We took a shared taxi out to Qalqilya and were surprised to be stopped at another checkpoint, this time manned by three armed Palestinian men, one in uniform, two in civilian clothes. Clearly PA men. The one in uniform opened the door of the taxi and asked for passes. Me and my friend went to get our passports out but the man said in English 'No, just the Arabs'. I was shocked at this and one of the guys in the back of the taxis was clearly put out as well. 'Just like the Israelis' he said in arabic after we had driven off. I couldn't help agreeing.

Qalqilya itself used to be a thriving agricultural town before the Israelis began building their apartheid wall. The town is now totally walled in and cut off from most of its farmland. The wall is designed to steal as much of their land as possible while keeping the population of Israel as ethnically pure as possible (ie keeping the Palestinians on the other side of the wall).

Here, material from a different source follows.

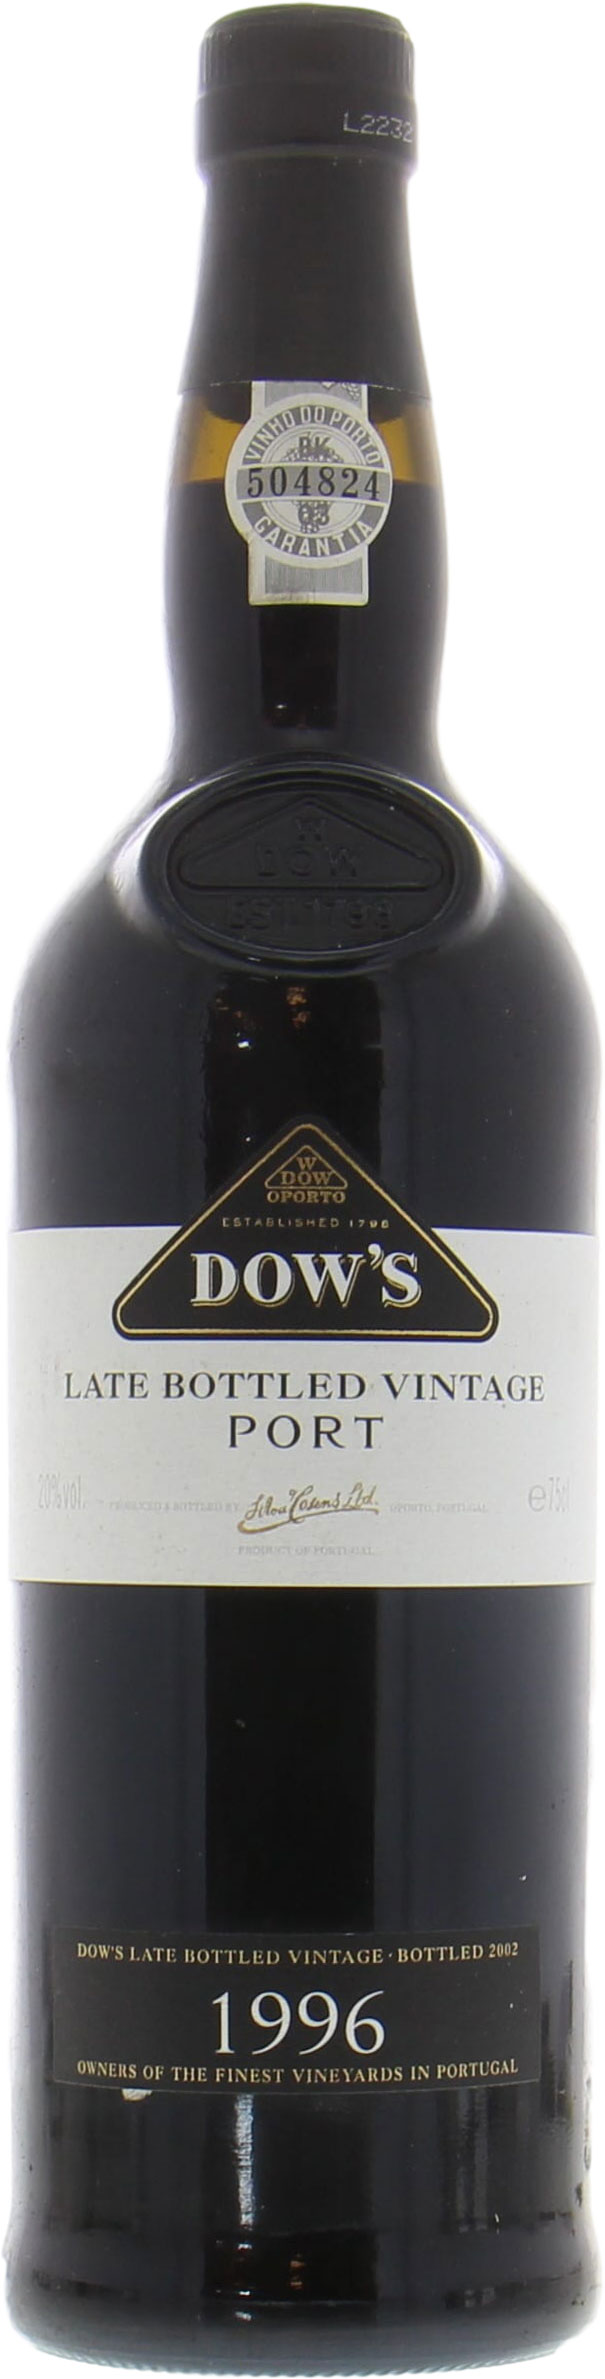 Dow's - Late Bottled Vintage Port 1996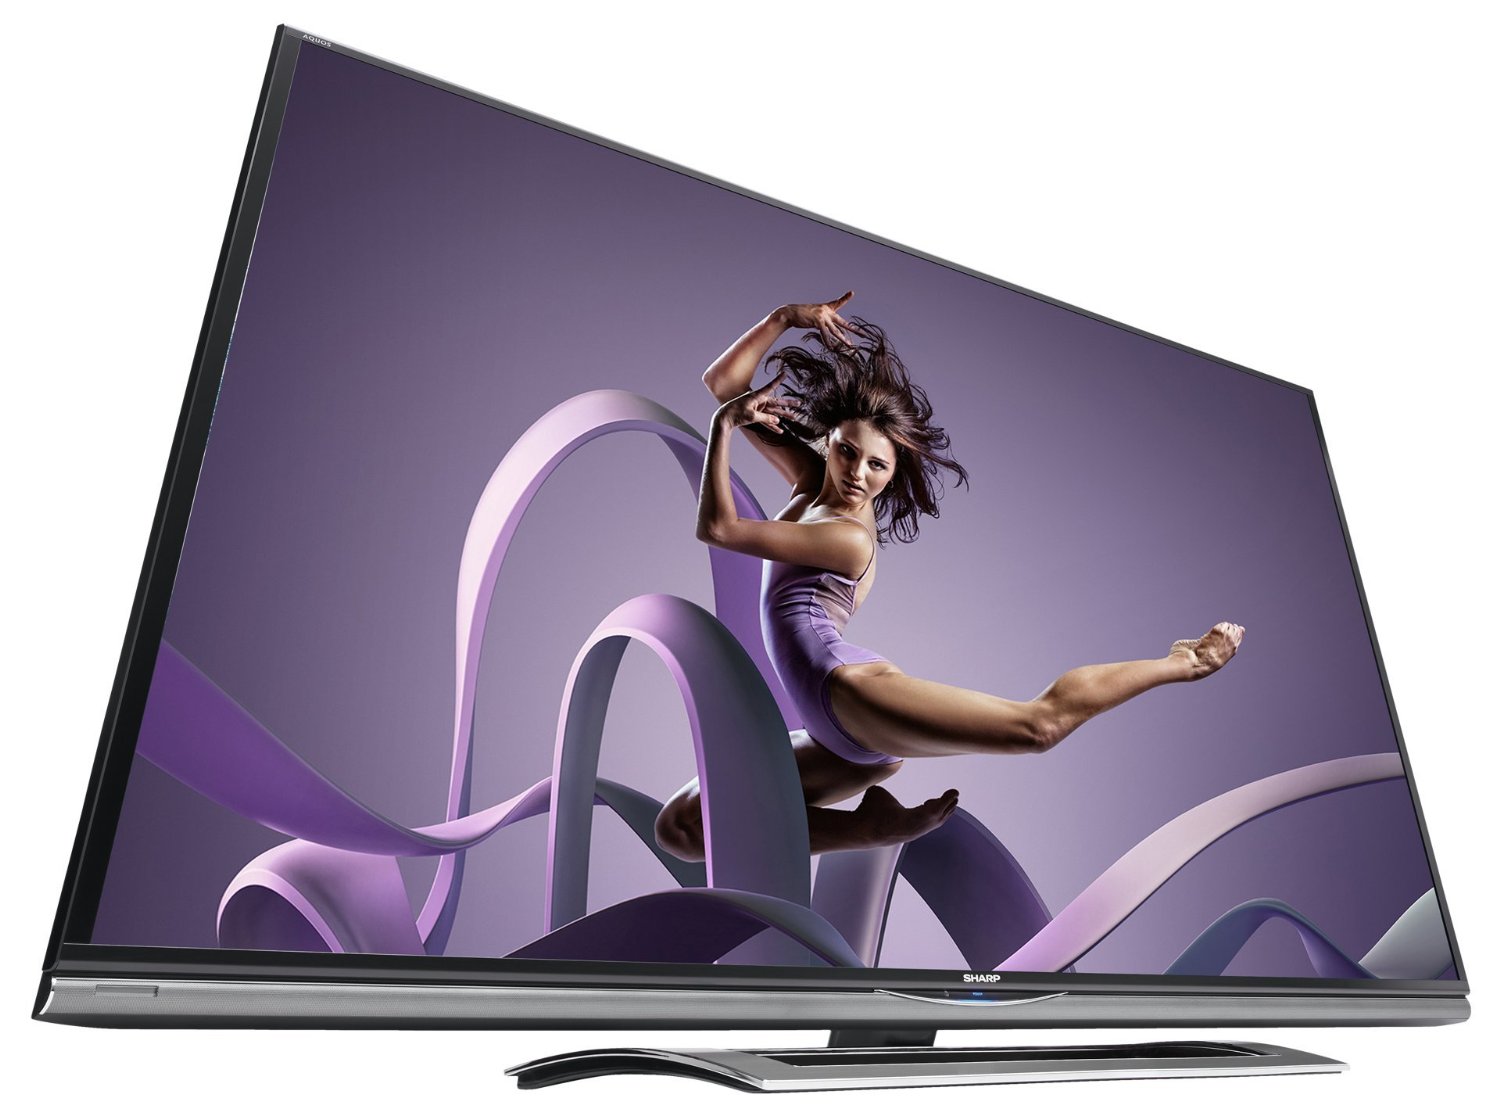 Sharp 70-inch Aquos 4K Ultra HD LED TV

To see a satellite image of how the town looks from space click here


The people here were more suspicious of foreigners. They are right up against the Israeli wall and are subject to persecution by both Israeli forces and their own Palestinan Authority that effectively does the bidding of the Israelis.

This was the last place we visited in the West Bank and it was fitting that our last memory would be the feeling of claustrophobia and oppression, walled in on all sides in a ghetto.